To do ->
Below are records with pictures. Transcribe exactly, and only, the lines from the line with "Comprar Apartamento /" to the line with "黑咖啡馆桌-空的咖啡杯和智能手机", both ends included, but not the pictures.

Records supplied ->
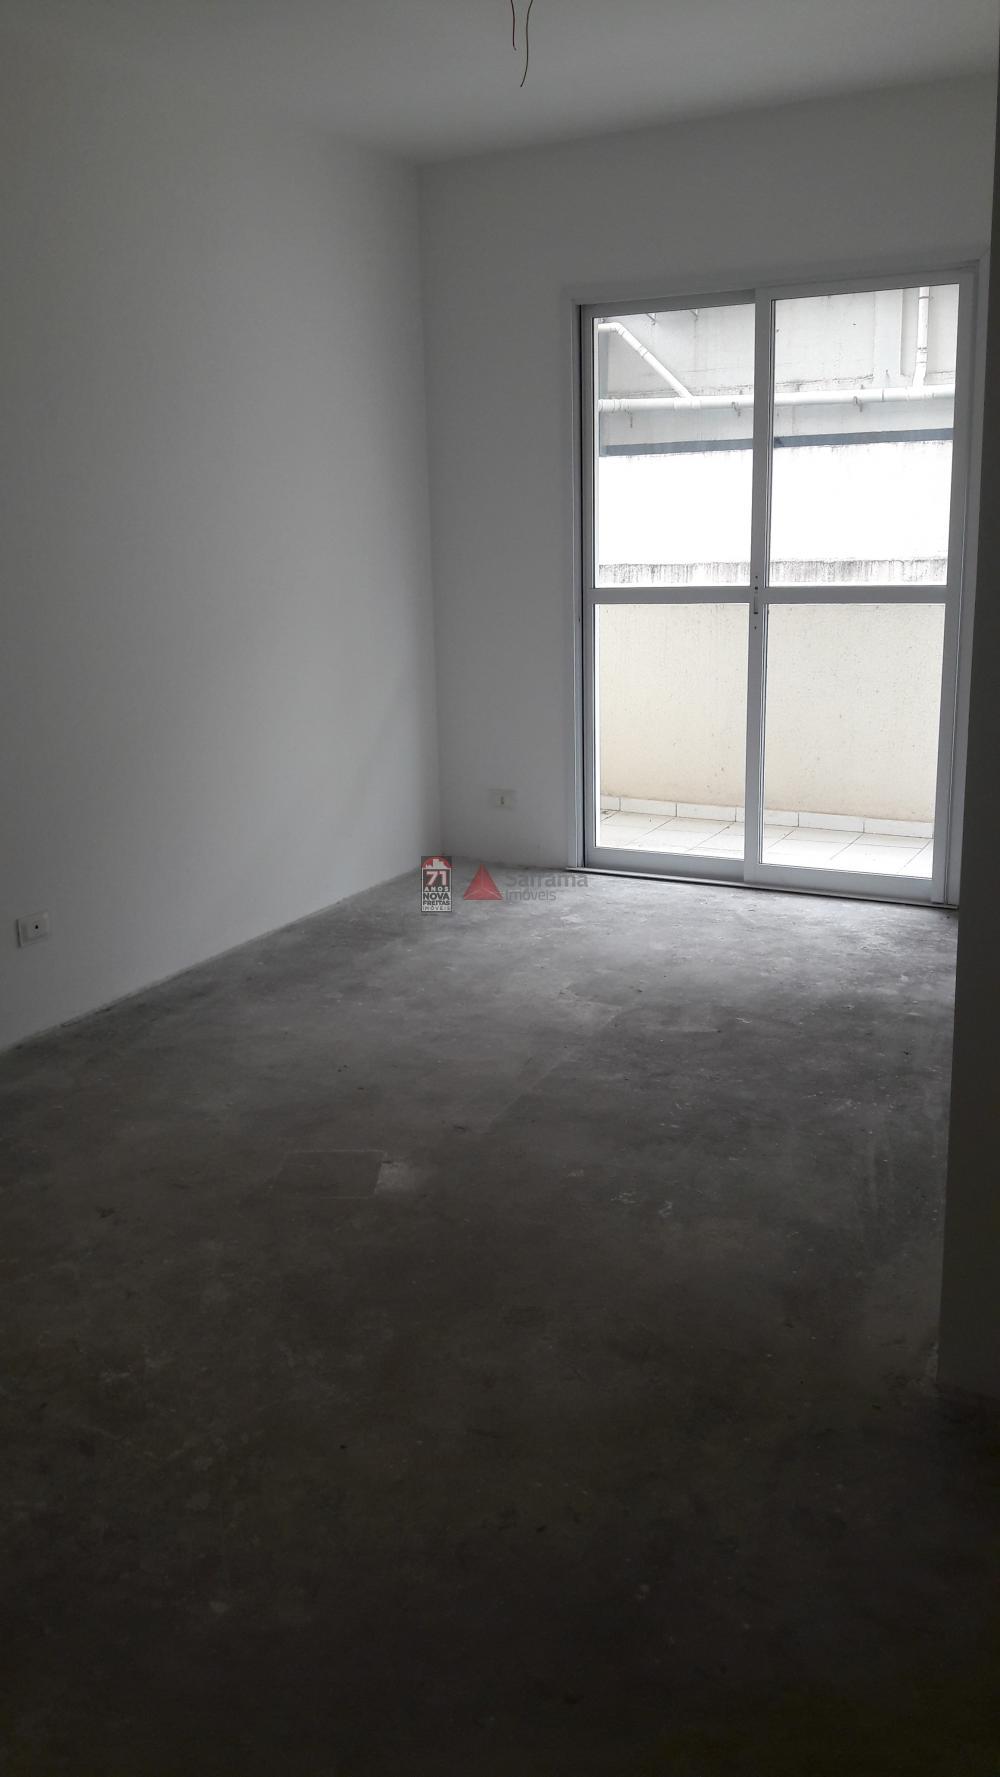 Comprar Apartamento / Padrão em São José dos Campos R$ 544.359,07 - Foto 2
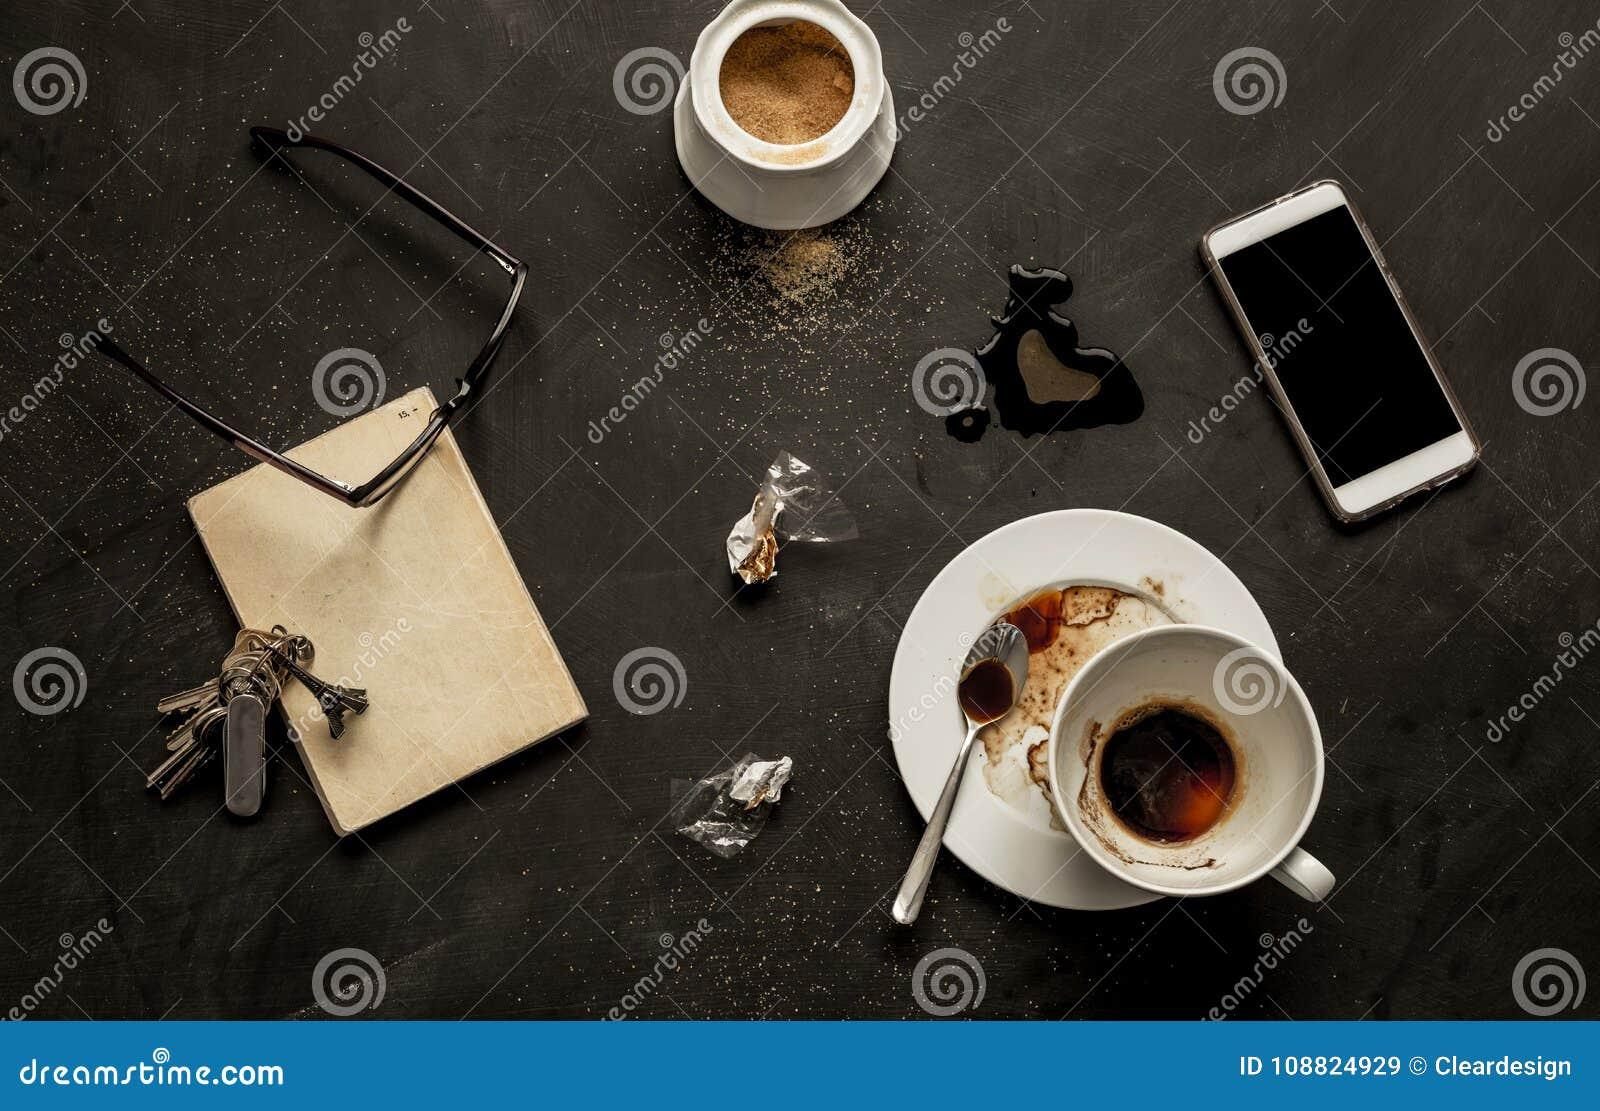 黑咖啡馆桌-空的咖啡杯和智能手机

--

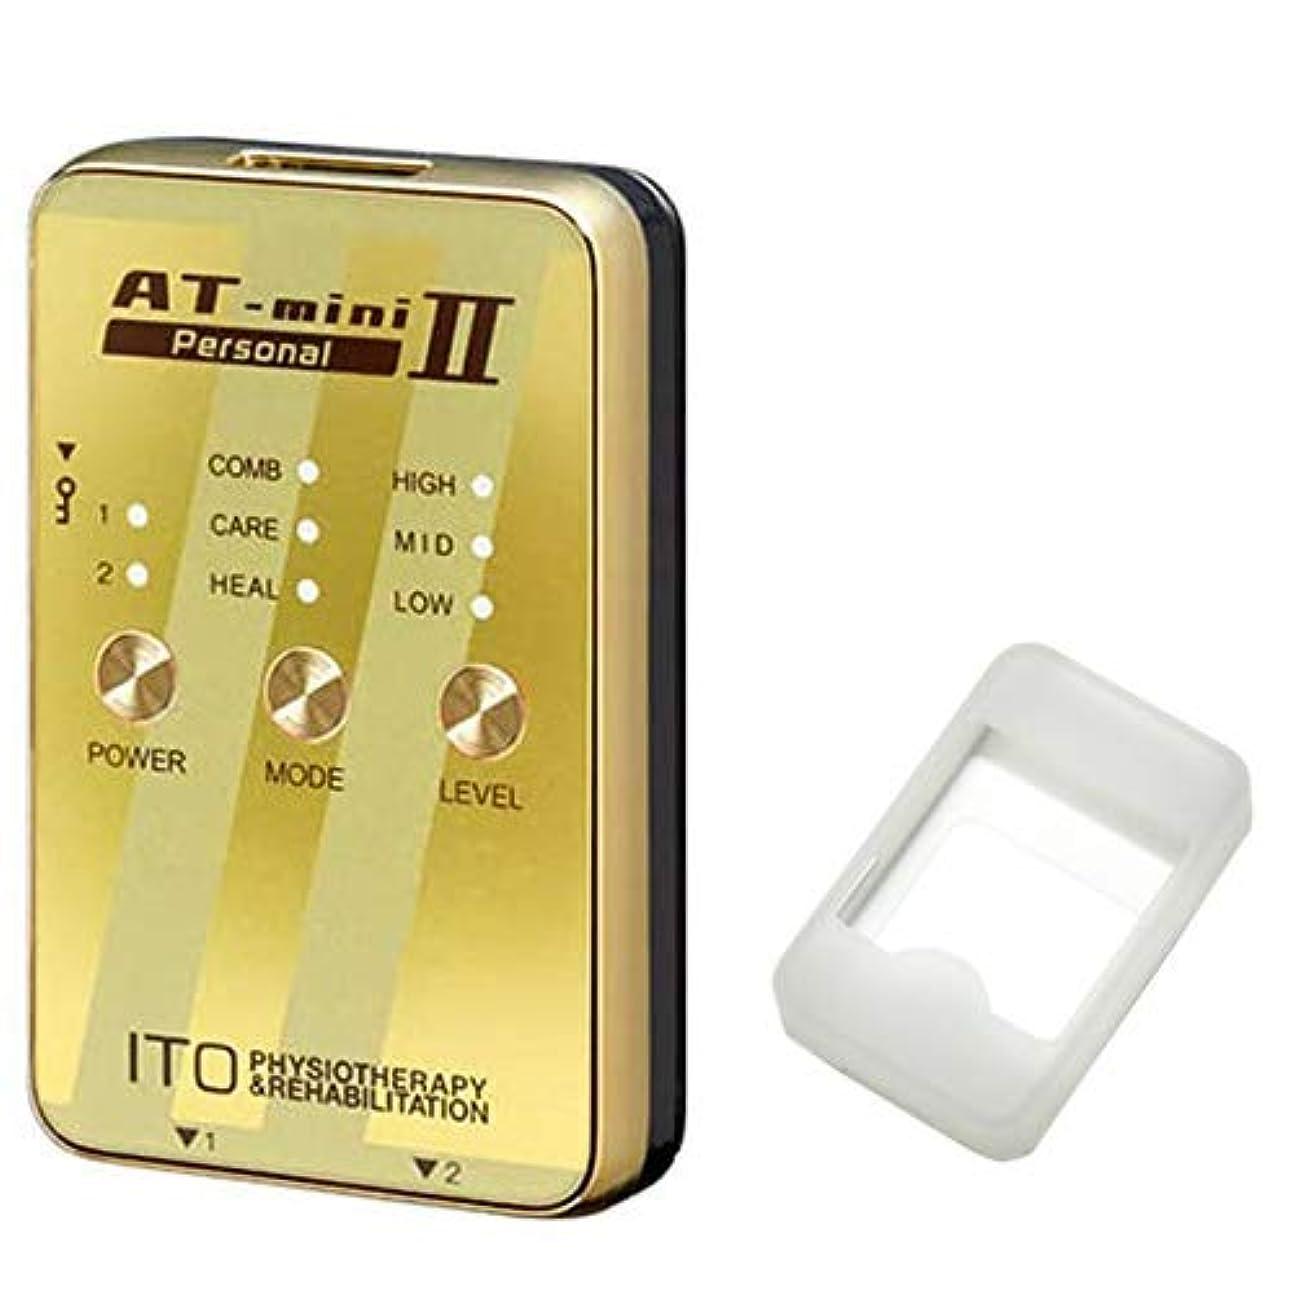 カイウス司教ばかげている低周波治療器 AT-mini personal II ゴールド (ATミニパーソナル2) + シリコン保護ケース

Response below ->
 Comprar Apartamento / Padrão em São José dos Campos R$ 544.359,07 - Foto 2
 黑咖啡馆桌-空的咖啡杯和智能手机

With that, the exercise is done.